Discussion Topic

How long do you wait after a relationship breakup?

Posted on 11/18/08, 07:25 pm
I know this might be strange but I just wanted to know other peoples point of views on how long after a break up do you start dating again. I know it is all relevant to how long the relationship was, but I was with my last girlfriend 5 years and it took me a good 9 months before I could even imagine being with anyone else ( for her it was incredibly less I dont think my side of the bed was cold if you know wot I mean lol). I find alot of my friends seem to jump from one partner to another and I dont understand it.

But is it just me or are there others that think it is a sign of respect of the relationship.

Just a thought
xx
Showing 1 - 10 of 16 Replies
  • Reply #1 11/19/08  12:09am
    When the time is right you will know. Make sure you take time for yourself. A friend of mine says you take a month off for every year so you can heal.
  • Reply #2 11/19/08  2:00am
    I agree with ((racbc)) You always need to take time for yourself and let your heart heal. Pamper yourself for awhile.
  • Reply #3 11/19/08  4:40pm
    I think it depends on you, the depth of the relationship and how quickly you heal. I waited about 18 months after my breakup (6 years of an extremely emotionally rocky relationship) My wife waited about 1 month before starting to see me and we are both fully emotionally available now to each other and have been together 4 years.
  • Reply #4 11/21/08  2:41am
    I think it all depends on where you are at emotionally and how strong the relationship bond with the person was. I was with someone for only a year and it took me about 7-8 months to be totally over her, yet I had a 14 year relationship and it only took me a few months, I think because the relationship had already "ended" emotionally years before it physically ended.
  • Reply #5 11/21/08  5:15pm
    Well you're talking to someone who can only speculate here. But I agree with Kaino, everyone really. The new relationship is about you and the new lover, not anyone else.

    1234
  • Reply #6 11/21/08  5:15pm
    Well you're talking to someone who can only speculate here. But I agree with Kaino, everyone really. The new relationship is about you and the new lover, not anyone else.

    1234
  • Reply #7 11/23/08  9:21am
    I agree totally with what Kaino said. It has been my experience.
  • Reply #8 11/23/08  12:36pm
    For me it has been different for each relationship. Once I pined away for 2 years and once I had my first date just 11 days after my lover broke up with me.
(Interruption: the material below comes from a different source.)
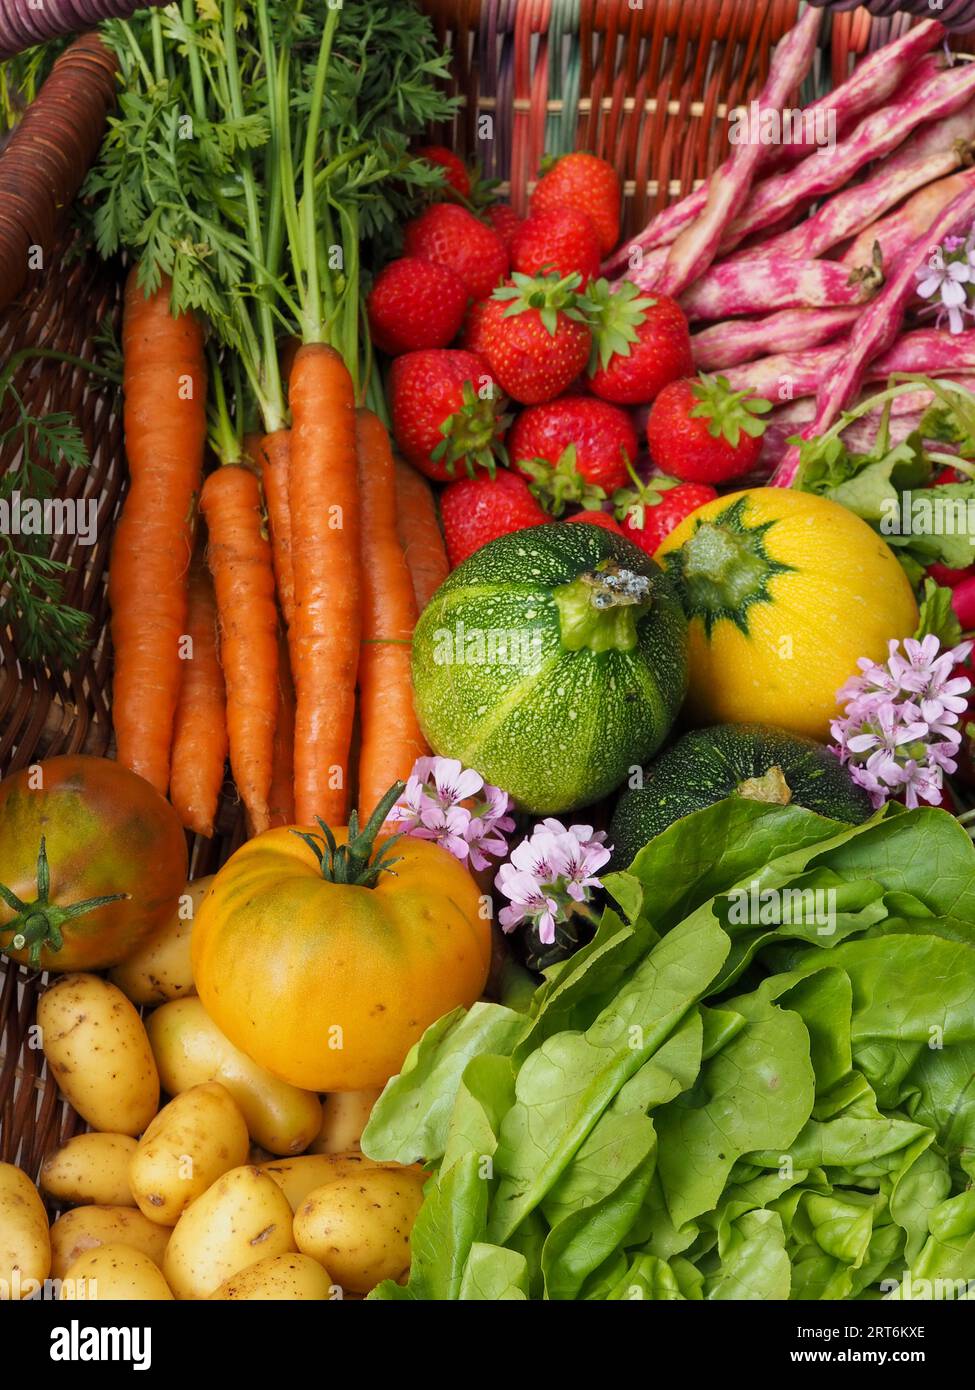 Gros plan de fruits et légumes frais et colorés d'un potager, y compris des carottes, des courgettes, des fraises et des légumes à salade Banque D'Images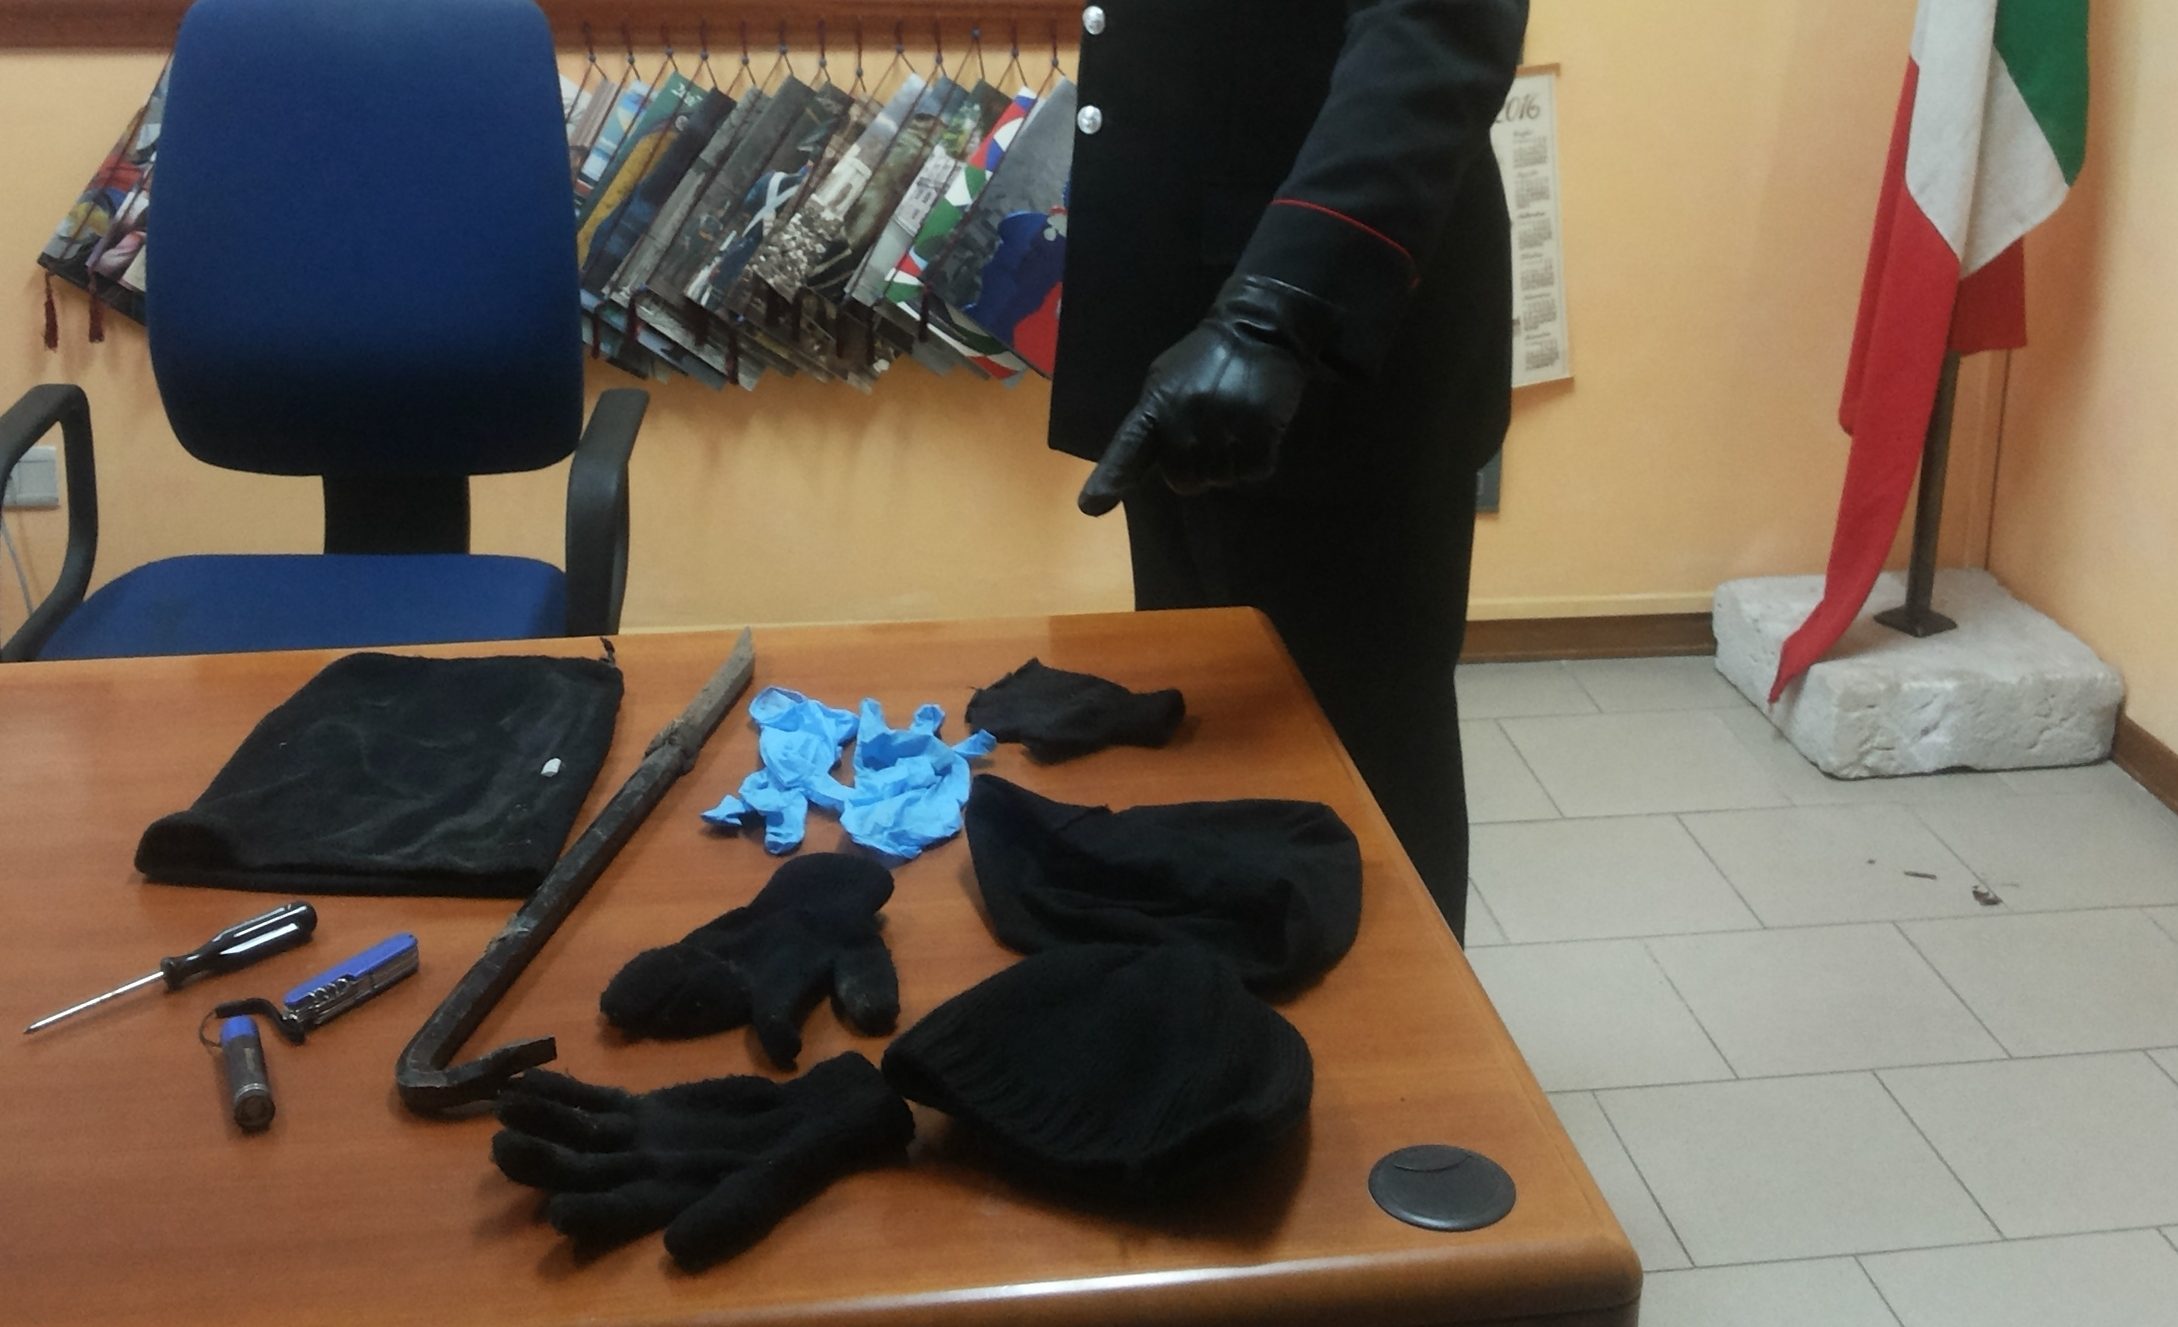 Pietrelcina| In auto con attrezzi per furti, denunciato albanese

Remember that some women who hate to be alone will start the new relationship before the old one is over! Everyone and every situation is different.
  • Reply #9 12/17/08  2:59pm
    Yes I agree with every thing that has been said hear: but, others thatd who jump from one relationship to another is really not all ways making good decisions. Time does heal and precious do not fade away; so be good to yourself.
  • Reply #10 12/18/08  3:00pm
    For me it usually took a good 6 months before I was ready to start dating after a break up. It didn't seem to matter if it was a longish relationship (5 yrs.) or a short one (6 mos.)

    The point is, everyone is different, and I think as long as we allow enough time to grieve the loss and heal from it, then there really are no hard and fast lines as to when you are "ready"

    Hope this was helpful. Good luck and have fun!